LAWS(DLH)-1990-3-52

MANI RAM @ RAMESH Vs. STATE

Decided On March 21, 1990
Mani Ram @ Ramesh Appellant
V/S
STATE Respondents

JUDGEMENT

(1.) MANI Ram alias Ramesh has been convicted of an offence punishable under Section 366 vide judgment dated 4.12.1988 by an Additional Sessions Judge, New Delhi and has been sentenced to undergo rigorous imprisonment for seven years and to pay a fine of Rs. 2,000/- and in default to further undergo rigorous imprisonment for two years vide order dated December 24, 1988. Appellant, Ramesh has filed this appeal through jail challenging his conviction and sentences.

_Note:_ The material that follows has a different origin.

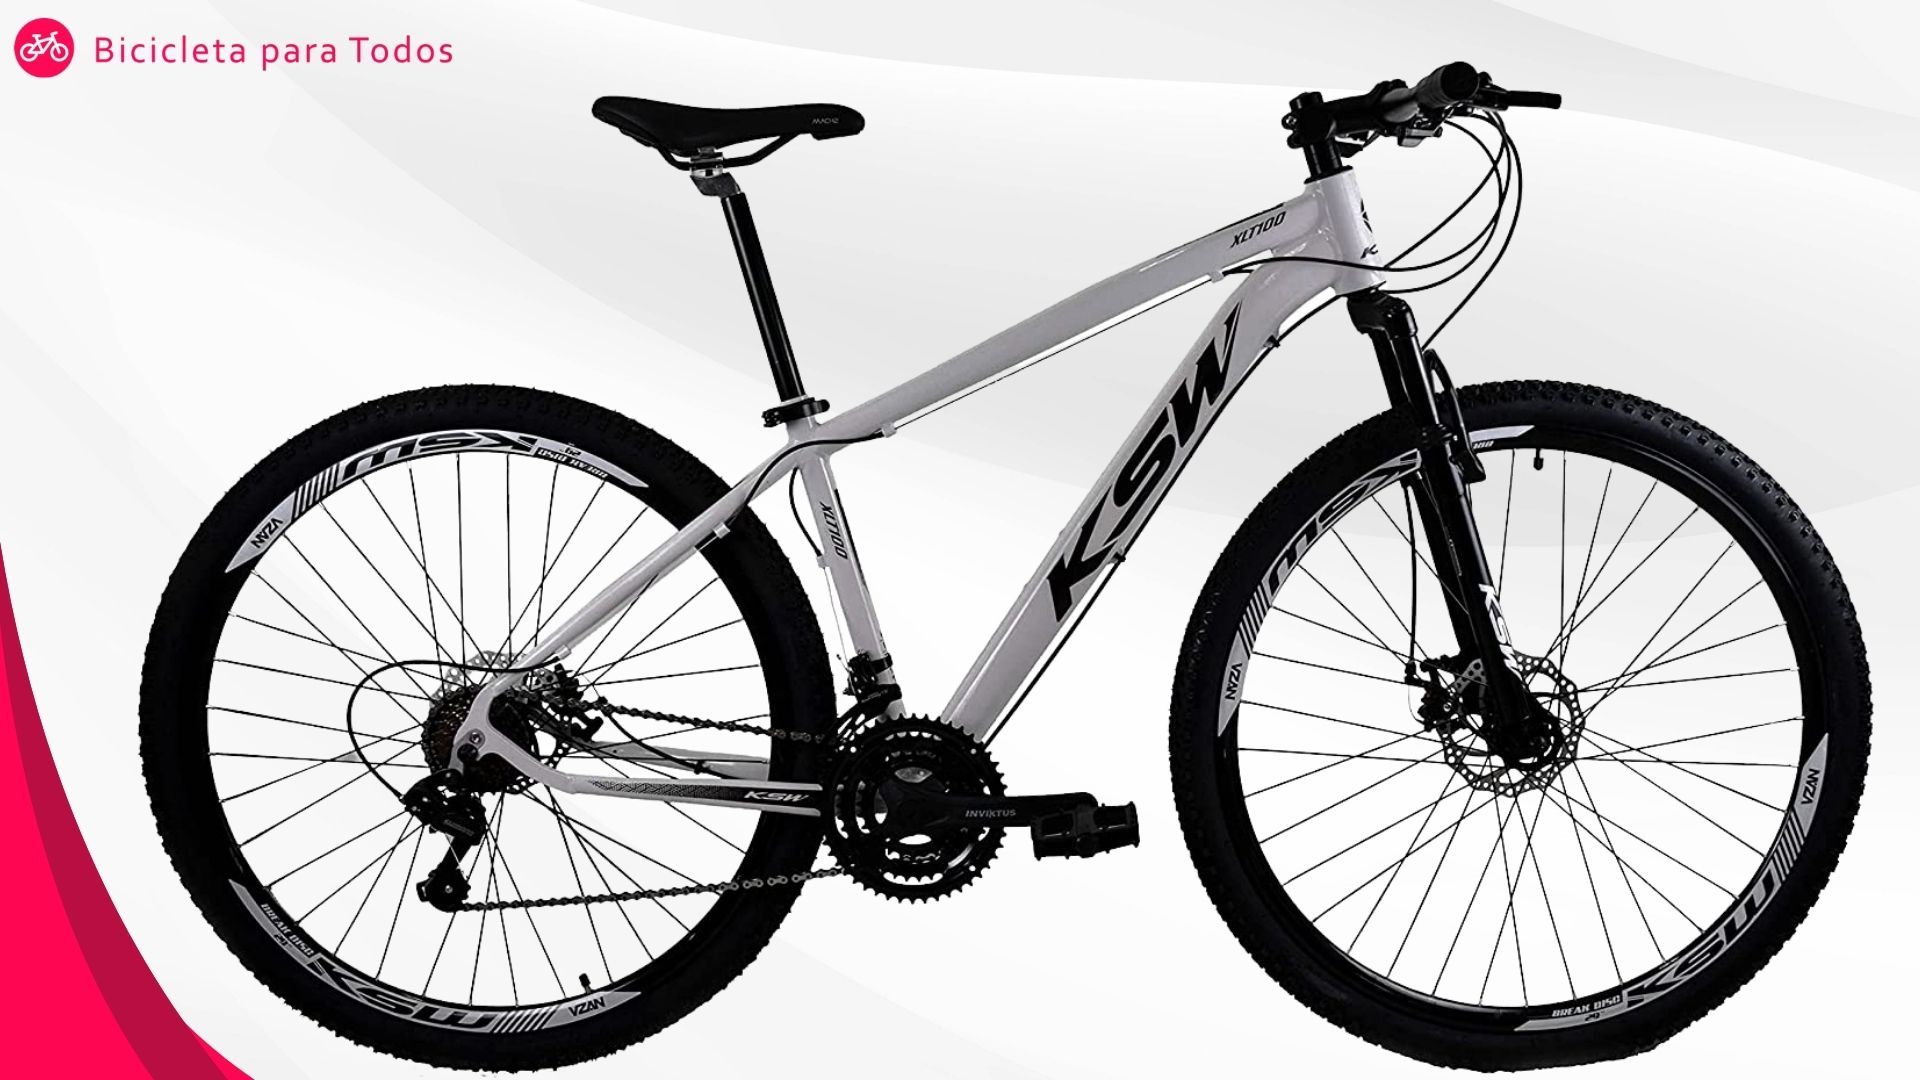 bike KSW modelo XLT com fundo cinza e logo do Bicicleta Para Todos

(2.) ON November 29, 1984, Sat Narain had given a statement which was recorded as Daily Diary No. 5A and which is the basis of the FIR, copy of which is Ex. PW 1/B in which he had mentioned that he was residing with his wife and five children out of whom four are girls and he has been working as a gardener and his wife has been working as a labourer and his eldest daughter namely Sushila aged about 12-13 years used to sometime assist her mother in her work and on November 22, 1984 appellant who was also working as a co-labourer with his wife had on that day at about 2 P.M. came to his house in his absence and in the absence of his wife and had told his mother and his younger brother's wife that Sushila was being called by her mother to assist her in collecting wood sticks and on that pretext he is stated to have taken away Sushila with him. It has been mentioned thereafter that when he came back to his house he was informed about this fact and as Sushila had not returned, he had gone to the appellant's hut but appellant alongwith his wife and children was not found there. It is the case of the prosecution that on November 30 1984, Sushila was recovered from Village Halalpura of District Muraina, Madhya Pradesh from the house of one Faudi Lal and appellant was also apprehended from that house and thereafter statement of the prosecutrix was recorded under Section 164 of the Criminal Procedure Code and she was got medically examined and her petticoat and the underwear of the appellant were taken into possession vide Recovery Memo Ex. PW 2/A, Ex. PW 3/B and Ex. PW 3/C. Vaginal swab was also taken by the doctor who examined the prosecutrix and it was taken into possession by the police vide Memo Ex. PW 7/C. I need not refer to medical examination of the prosecutrix as no charge under Section 376 Indian Penal Code has been framed against the appellant.

(3.) THE prosecution has relied on Ossification Test carried on the prosecutrix and the report given by the Radiologist, copy of which is Ex. PW 9/9 wherein opinion had been given that prosecutrix was below 14 years. Unfortunately, for the prosecution the doctor who had given this opinion was not examined as a witness as he could not be traced out by the prosecution. He was working in All India Institute of Medical Sciences and it is surprising that prosecution should not be able to trace out the whereabouts of the doctor so that in such serious cases the doctor is examined in Court and his opinion is available after it is subjected to cross examination by the defence. It is also a settled law that there is always a margin of two to three years in determining the age of a person on the basis of Ossification test. Only a bare and bald opinion had been given in Ex. PW 9/9 that bony age of the girl is below 14 years. No details have been given on the basis of which said opinion has been formed. So, it would not be safe to base the decision regarding the age of the prosecutrix on such unsatisfactory material proved in the shape of the opinion of the doctor in the Certificate Ex. P.W 9/9. The onus to prove that prosecutrix was less than 18 years of age at the time of the occurrence was heavy on the prosecution. which in the present case, in my opinion, prosecution has failed to discharge beyond reasonable doubt.